For the Ahmeds, what started out as helping the local Kitchen on the Street provide food to needy Valley residents blossomed into a partnership along with the D-backs, the Arizona Diamondbacks Foundation and St. Mary's to unveil the first Pitch In to End Hunger food pantry at William Jack Elementary in Glendale earlier this season.
"We basically adopted a school with underprivileged kids and their families that don't have enough food, and built them a food pantry at the school so the kids can go in and grab food they need for themselves and their families at home," said Ahmed, about the storeroom that houses 10,000 tons of canned food and nonperishable items. "It's a huge program that's going to do amazing things.

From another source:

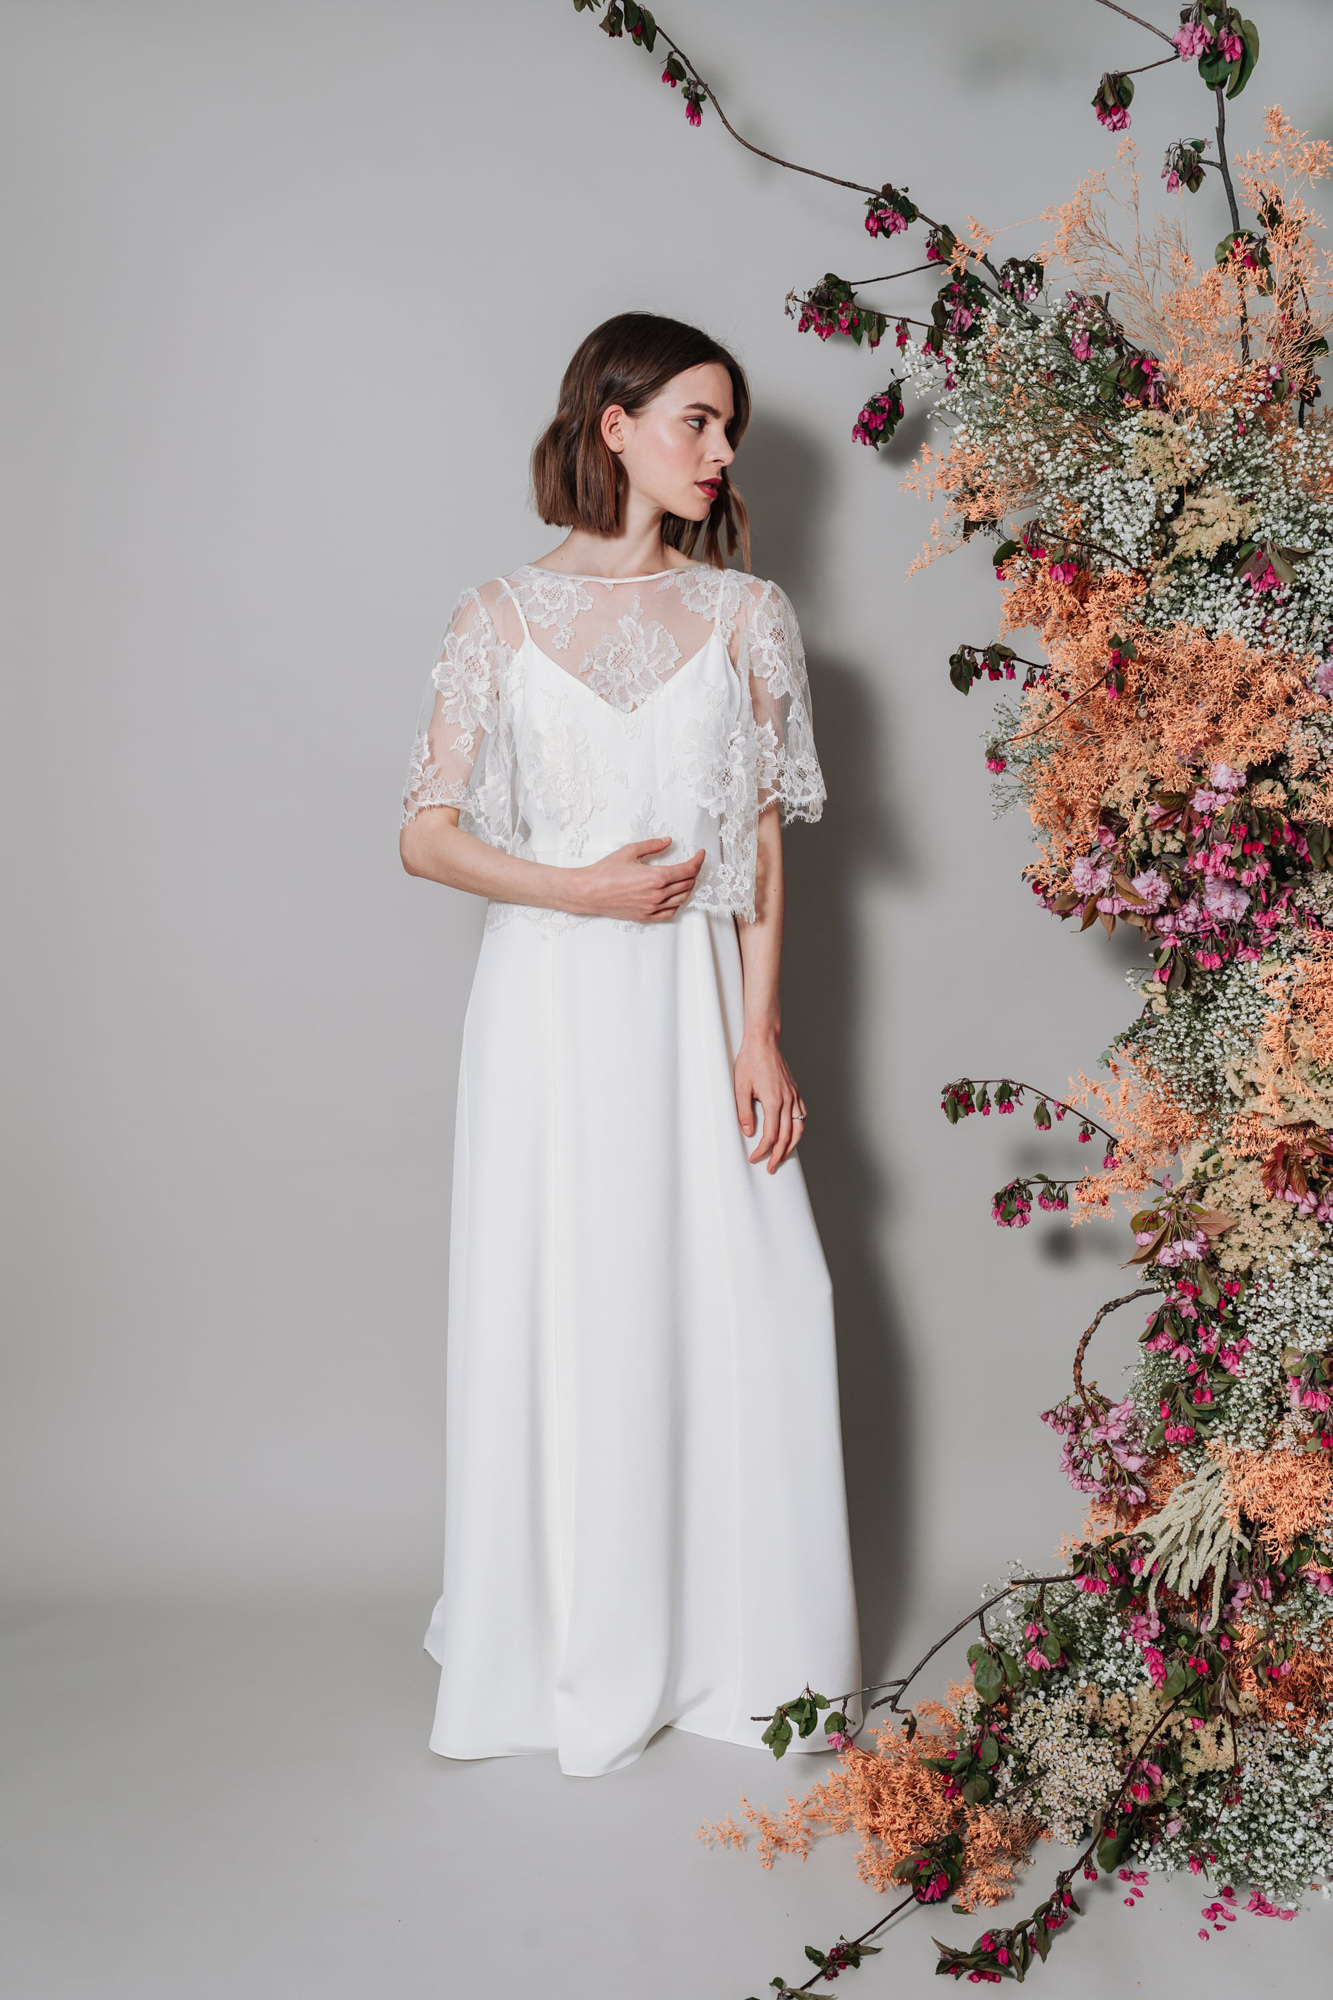 Kate-Beaumont-Sheffield-Rosa-Floral-Lace-Jacket-Snowdrop-Ivory-Matt-Silk-Modern-Wedding-Gown-1.jpg

The D-backs are as passionate as we are about it, and we are to going to help out in any way we can."
With 3,000 miles separating El Mogote from the Ahmeds' home in Nick's hometown of East Longmeadow, Mass., the infielder credits his parents and his faith as catalysts for his philanthropic efforts, regardless of where and who those funds will ultimately benefit.
"When Amanda and I had decided that food and hunger was one of our causes that we really wanted to get involved with, we understood we had a real opportunity to help others with our fund as well as with the Arizona Diamondbacks Foundation and Food for the Hungry," he said. "These are phenomenal organizations that do great work, and we're just happy to be able to support them domestically or internationally. We hope this all just continues to bud and grow."
Josh Greene is the director of publications for the Arizona Diamondbacks.